We apply the same standard as the district court in reviewing a bankruptcy court decision. In re Herbert, 806 F.2d 889, 891 (9th Cir. 1986). The bankruptcy court's findings of fact are reviewed for clear error, and its conclusions of law are reviewed de novo. Id. We can affirm the trial court's ruling on any ground presented on the record. Covert v. Harrington, 876 F.2d 751, 755 (9th Cir. 1989).

DISCUSSION

The parties have spilled a great deal of ink mooting the question of the Tangs' good faith. As we have noted, the district court found that the Tangs were not bonafide purchasers. However, as we will point out below, the ultimate result in this case does not turn on the Tangs' status. Even if the Tangs had no actual or constructive knowledge of the Goodman defendants' manipulations, a serious substantive flaw in the trustee's sale of the Pecks Lane Property dooms the Tangs' attempt to hold onto their windfall.

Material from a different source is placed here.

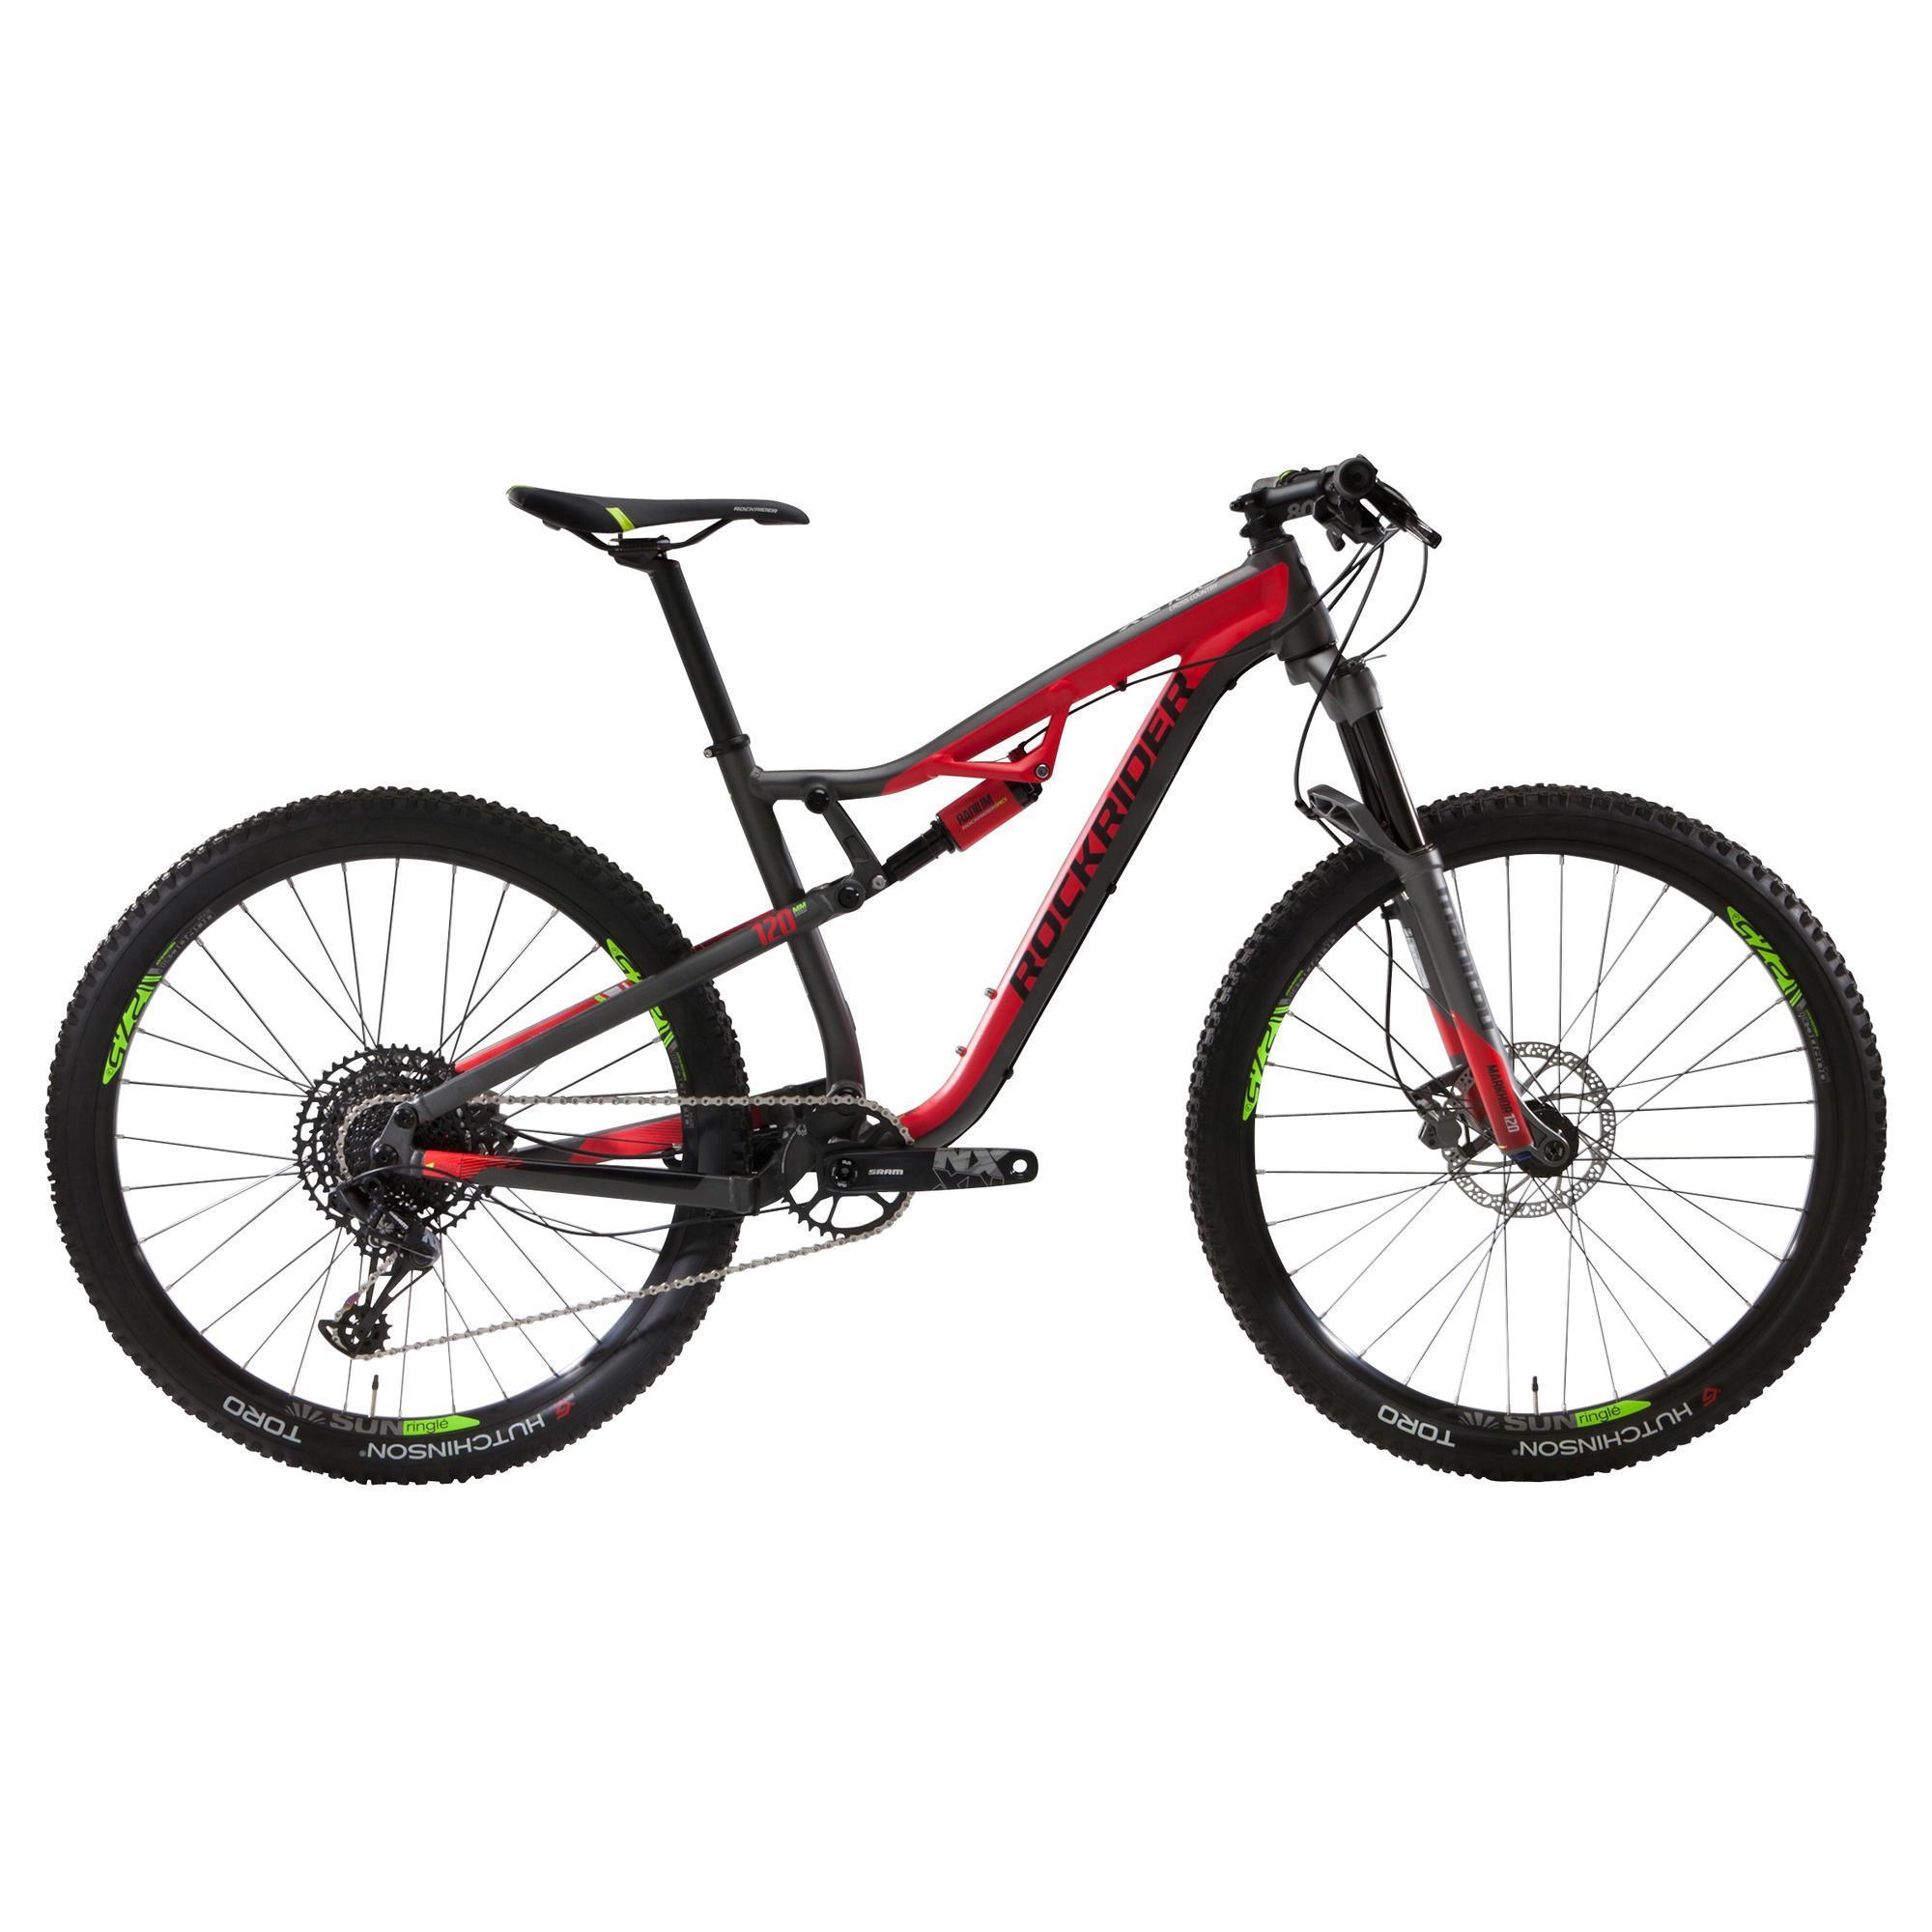 Rockrider MTB XC 100 27.5″ mountainbike 12 speed zwart/rood
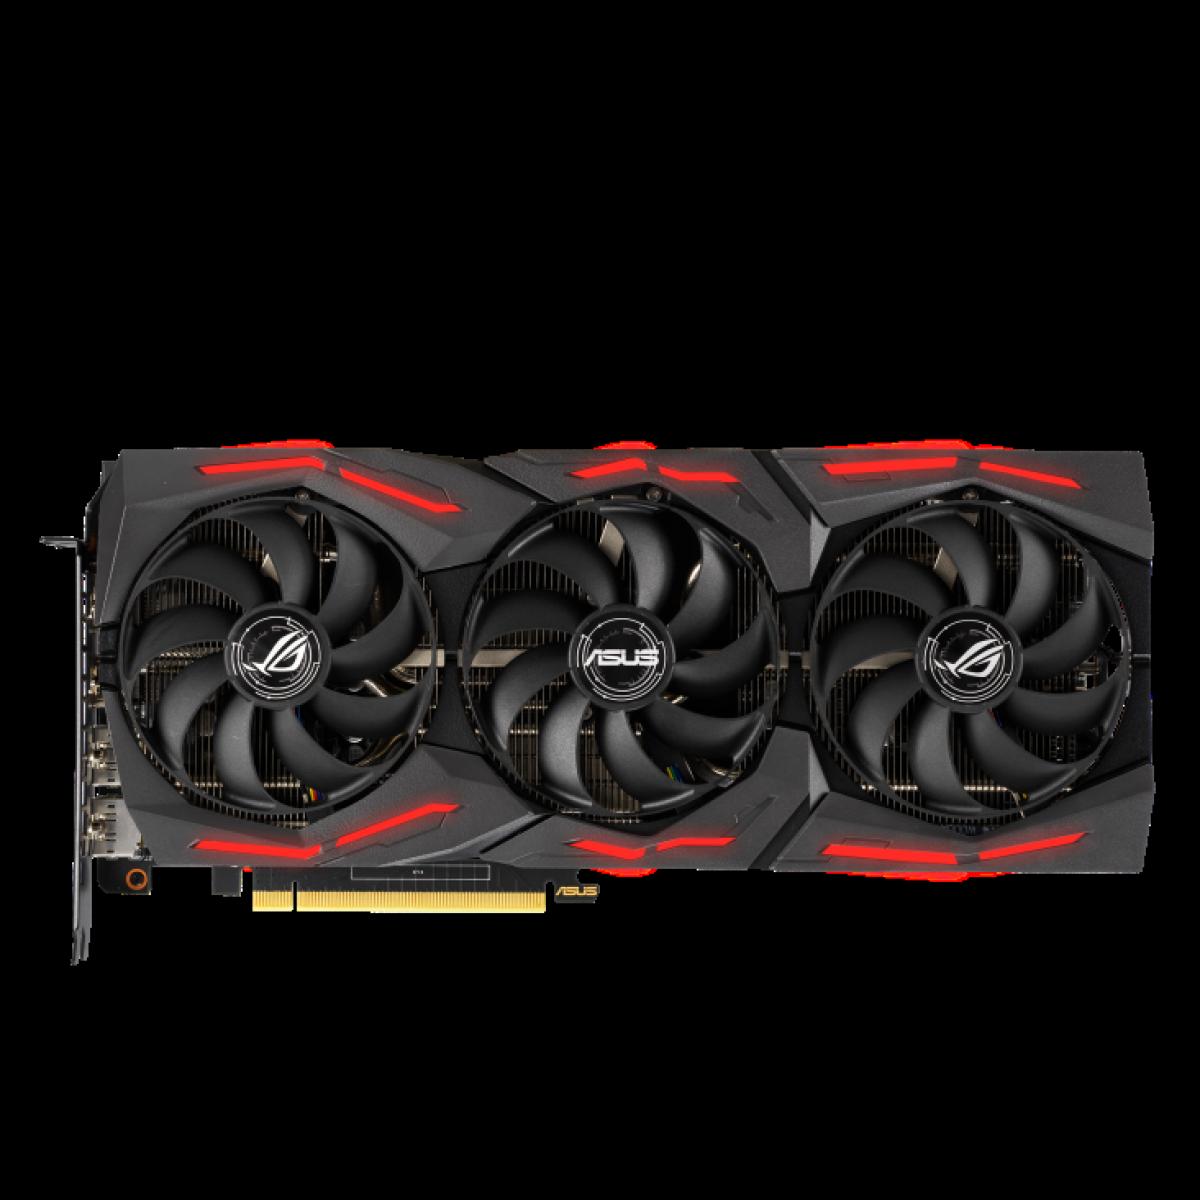 Placa de Vídeo Asus GeForce RTX 2060 Rog Strix EVO Gaming, 6GB GDDR6, 196Bit, ROG-STRIX-RTX2060-A6G-EVO-GAMING

A trustee's sale can be set aside if there is a gross disparity in price and an irregularity in the sale. Whitman v. Transtate Title Co. 165 Cal. App. 3d 312, 323, 211 Cal. Rptr. 582 (1985). As the California Supreme Court said over 60 years ago: "It is well settled in [California] that mere inadequacy of price, however gross, is not in itself a sufficient ground for setting aside a sale legally made. There must in addition be proof of some element of fraud, unfairness, or oppression before the court will be justified in depriving the purchaser of his legal advantage." Sargeant v. Shumaker, 193 Cal. 122, 131, 223 P. 464 (1924). The bankruptcy court found that the Tangs paid a grossly inadequate price for the Sea Cliff Property, and that the Tangs knew or should have known that it had a higher value. Those findings were not clearly erroneous. However, as we have just noted, they, by themselves, do not constitute grounds for setting aside the sale. See Baldwin v. Brown, 193 Cal. 345, 350, 224 P. 462 (1924).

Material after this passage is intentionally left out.